От профессора Шипова я впервые в жизни услышал о духовном мире. Это меня потрясло
От профессора Шипова я впервые в жизни услышал о духовном мире. Это меня потрясло и запомнилось на всю жизнь. На одной из его лекций, посвященной вопросам реанимации после клинической смерти, профессор привел пример интересного случая с больным, которого ему удавалось реанимировать два или три раза после сложных полостных операций. Этот больной, ожив в очередной раз, просил профессора более его не реанимировать: ведь там, где он был после смерти, оказалось намного лучше, чем на земле.
Мы, студенты, были поражены и даже шокированы. Это упоминание о загробном мире, будь оно доведено до партийных властей, могло стоить профессору его кафедры. В 1962-м году в Советском Союзе такие опусы не прощались. До этого я никогда не слышал о загробном мире и ничего подобного не читал – ни научного, ни религиозного. И это накрепко засело в памяти.
Распределение
Институт я окончил блестяще, мечтал заниматься наукой, у меня были только отличные оценки и красный диплом, но за меня никто не просил, знакомств не имелось, и я не попал ни в число оставленных в аспирантуре, ни в клинической ординатуре, ни в системе ярославского Горздрава (среди них, кстати, были довольно посредственные студенты). Мой друг, всегда учившийся весьма посредственно и без красного диплома, был оставлен в аспирантуре. Просто откровенно плохо учившийся 35-летний секретарь партийной организации института был оставлен в аспирантуре.
Меня же распределили в деревню Вологодской области, в малюсенькую деревенскую больницу, причем даже не хирургом, а простым сельским врачом, поскольку там вообще не имелось ни хирургии, ни операционной. Главным ударом для меня стало то, что поступить в аспирантуру по хирургии можно было только после двух лет работы хирургом, но не сельским врачом, так что путь в вожделенную науку для меня закрывался прочно.
Запомнилась фраза профессора, который командовал распределением. Он сказал мне следующее: «Говорят, ты у нас среди выпускников звезда первой величины. Если это так, то ты засверкаешь и на вологодском небосклоне».
Грязовец
Итак, я отправился в Вологду. Приехал не 1 сентября, а на месяц раньше, и сразу же заявил: готов работать, начиная с завтрашнего дня, но если возможно, то по специальности – хирургом. Попал вовремя. В городе Грязовце, в трех часах езды поездом от Ярославля, уже второй год без отпуска работал молодой хирург из Архангельска, Игорь Белов. Заведующий облздравотделом позвонил Белову, сказал, что он может наконец-то идти в отпуск, и направил меня на работу в хирургическое отделение районной больницы Грязовца, так что я мог работать по специальности – хирургом.
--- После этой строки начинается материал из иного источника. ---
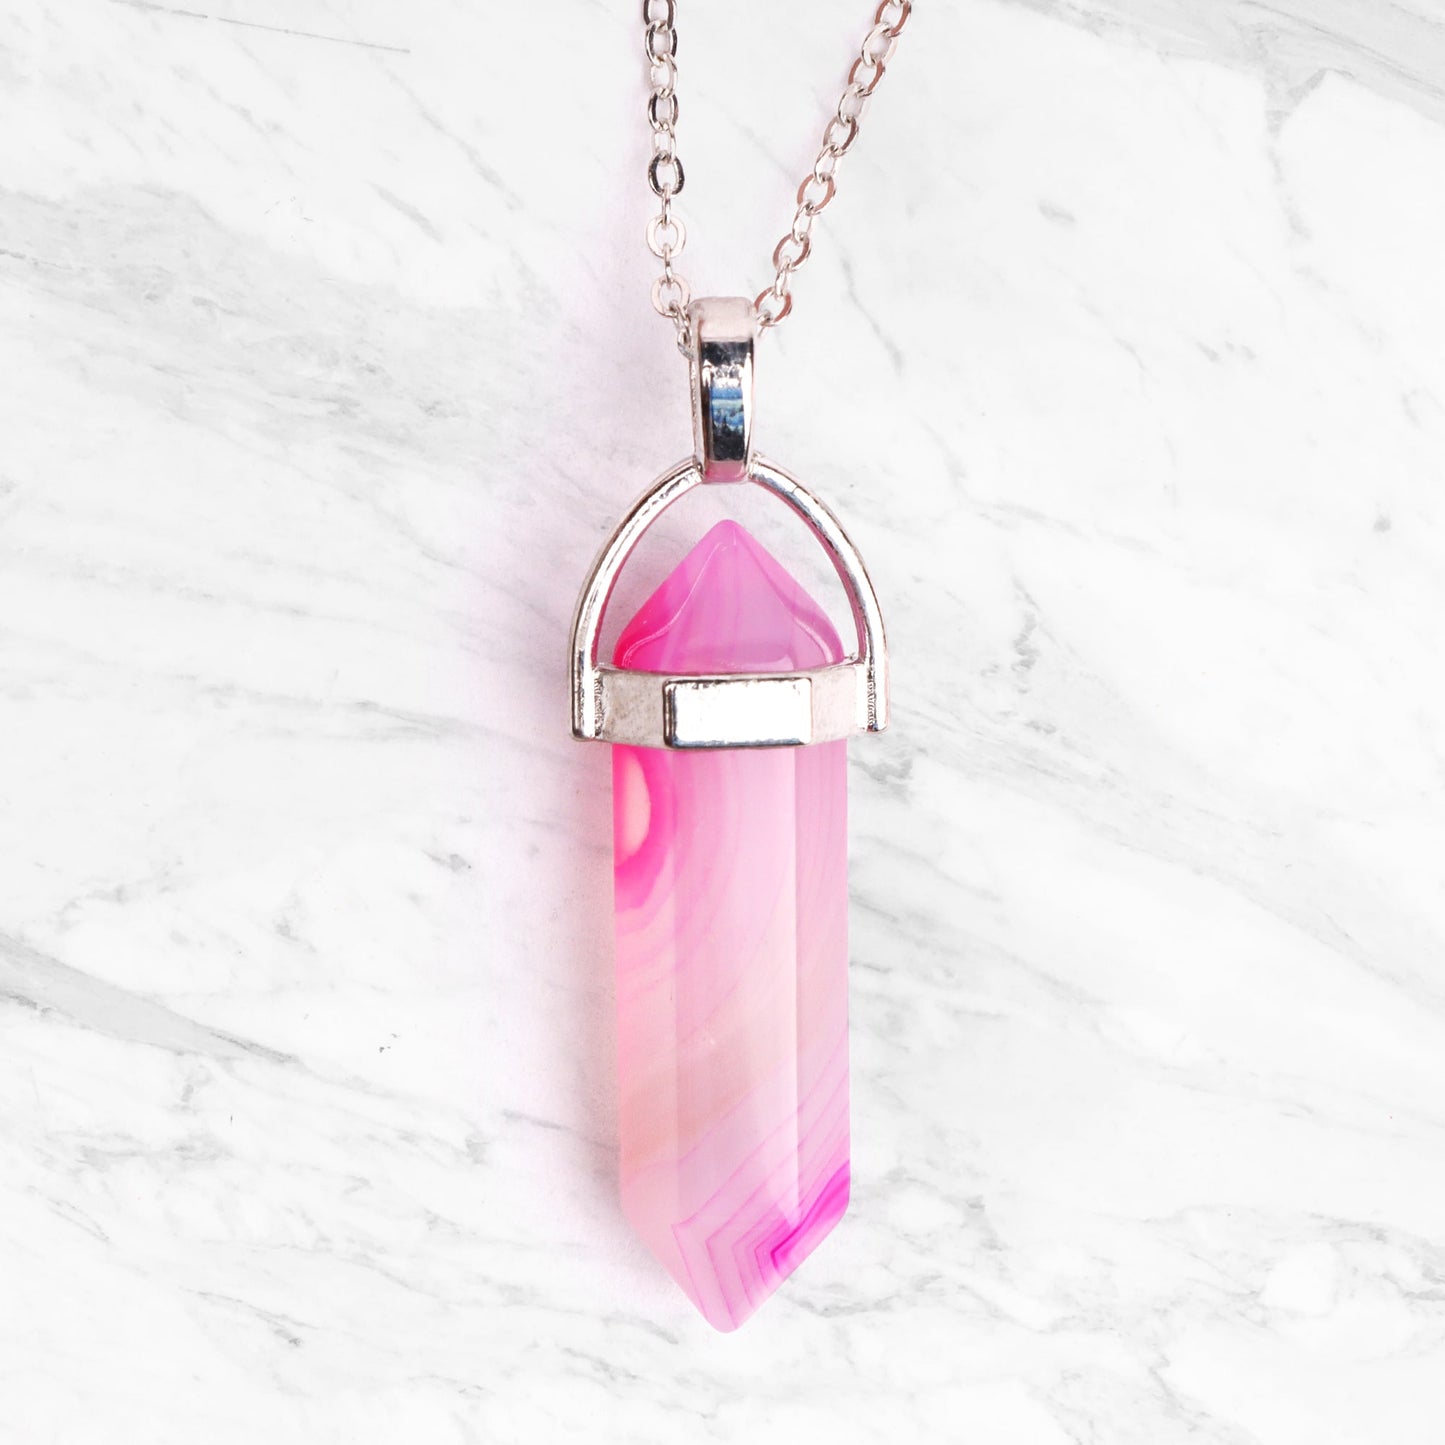 Silver Plated Necklace - Pink Agate Pendant

И вот через несколько часов с маленьким чемоданчиком я вышел из поезда на станции этого города и на привокзальной площади нашел газик с медицинским красным крестом на крыше. В нем были удалены два сиденья, а вместо них сделаны носилки, на которых можно было сидеть или лежать. На этом транспорте я и прибыл в больницу, к главному врачу, очень славной, милой и доброй женщине. Она хотела сразу же определить меня на квартиру, а потом показать больницу, но Игорь Белов перехватил меня, и мы почти бегом направились в хирургический корпус.
Хирургия представляла собой двухэтажное деревянное здание с печками, одной операционной, двумя перевязочными и двумя отделениями – мужским и женским, каждое на 15 коек. Больные были все или после недавно сделанных операций, или с переломами, или с ожогами. Через несколько минут, познакомив меня с операционной сестрой Левашовой Антониной Сергеевной, Игорь Белов, оказавшийся симпатичным беловолосым парнем года на три меня старше, стремительно убежал, как я понял, в долгожданный отпуск.
Мой первый пациент
Ровно через 30 минут в приемный покой экстренно привезли абсолютно пьяного, в травматическом шоке, мужчину с отрезанной поездом ногой. Сейчас я думаю обо всем этом с каким-то ужасом: мальчишка 23 лет, едва месяц назад закончивший курс, один на один, без наставника, – и больной с тяжелейшей шоковой травмой, которая представляла собой окровавленное грязное месиво из осколков костей, лохмотьев мышц и одежды. И никто не спросил меня, а умею ли я вообще ампутировать конечность, держал ли я когда-нибудь в руках ампутационный нож, сумею ли отпилить кость и правильно зашить ампутационную культю.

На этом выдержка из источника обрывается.